Try as she did, however, Karen Laos found herself reading and again rereading the same paragraph time and time again as she sat with the sun shining on her face. Her mind was elsewhere: back in the damn office. There hadn’t been any particularly disturbing cases recently in the mortuary that would explain why she couldn’t disconnect herself from work, other than run-of-the-mill deaths by natural causes, frequent car accident victims – a cause of death she felt particularly touchy about – and the usual number of inner-city suicides to which she had become accustomed. Therefore, Karen assumed that she just wasn’t particularly enthralled by the book she was reading.

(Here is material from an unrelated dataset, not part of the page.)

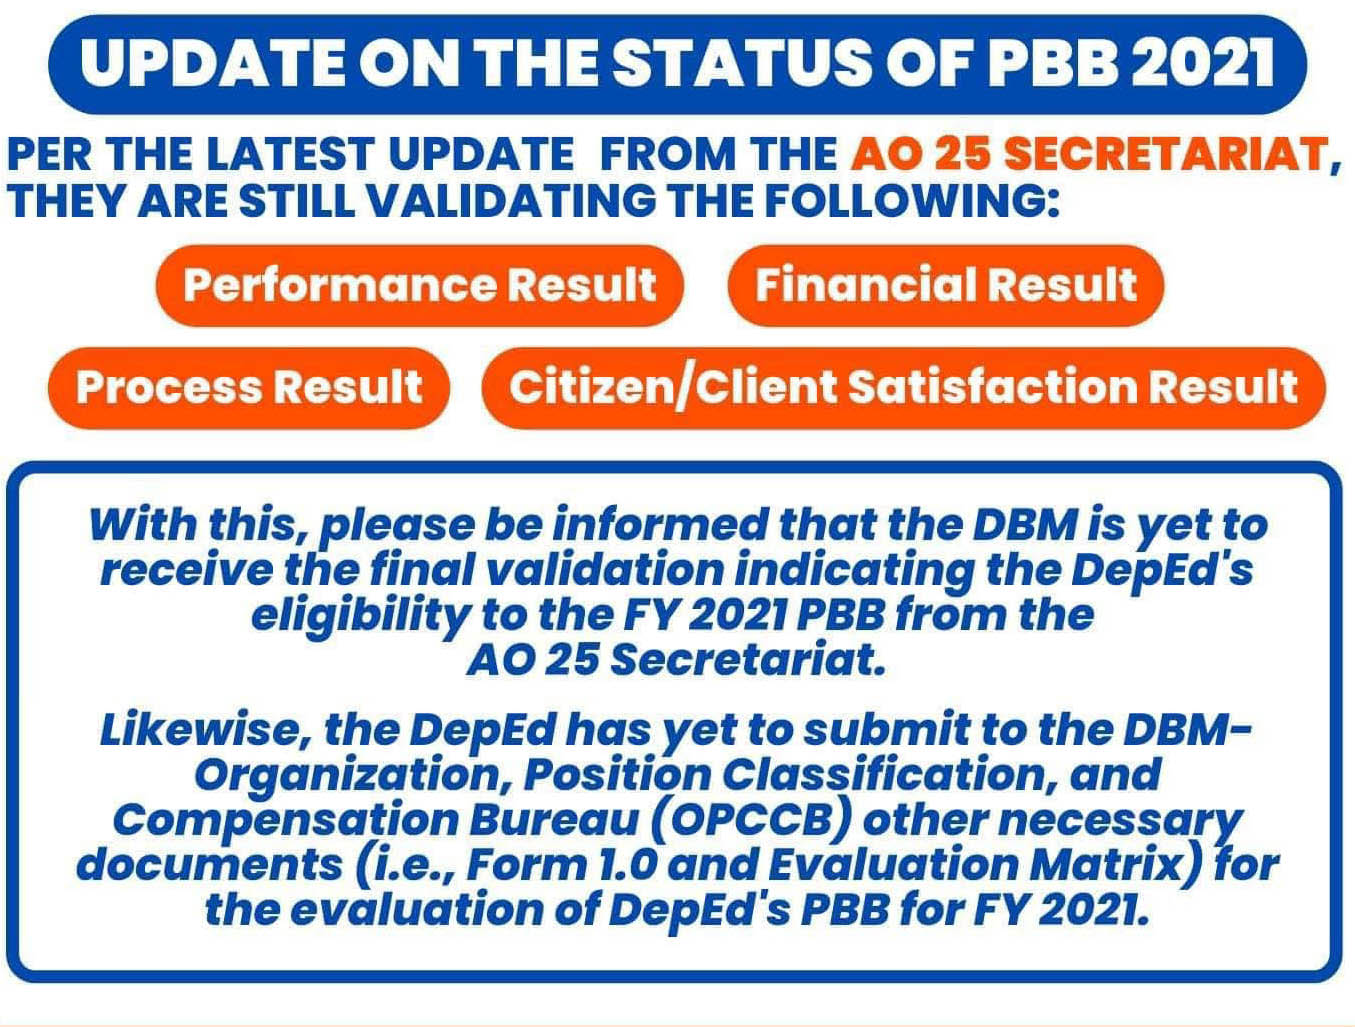 Update on PerformanceBased Bonus ( PBB) 2021 for DepEd personnel as of

She closed it yet again, and sipped on her coffee. Just as she was deciding whether or not to return to her book, the sound of her cell-phone ringing made the choice for her. The name flashing across the screen was that of her regional boss for forensic pathology, Professor Michael Ogilvy. It wasn’t often that he called Karen directly; she dealt with the day-to-day running of the city forensic team; he dealt with the overall management of the county and regional aspects of the pathology service. Other than meeting for clinical supervision and the occasional conference, they rarely spoke. He trusted Karen’s work implicitly and she knew that he wouldn’t be calling unless it were for something important. Especially on my day off.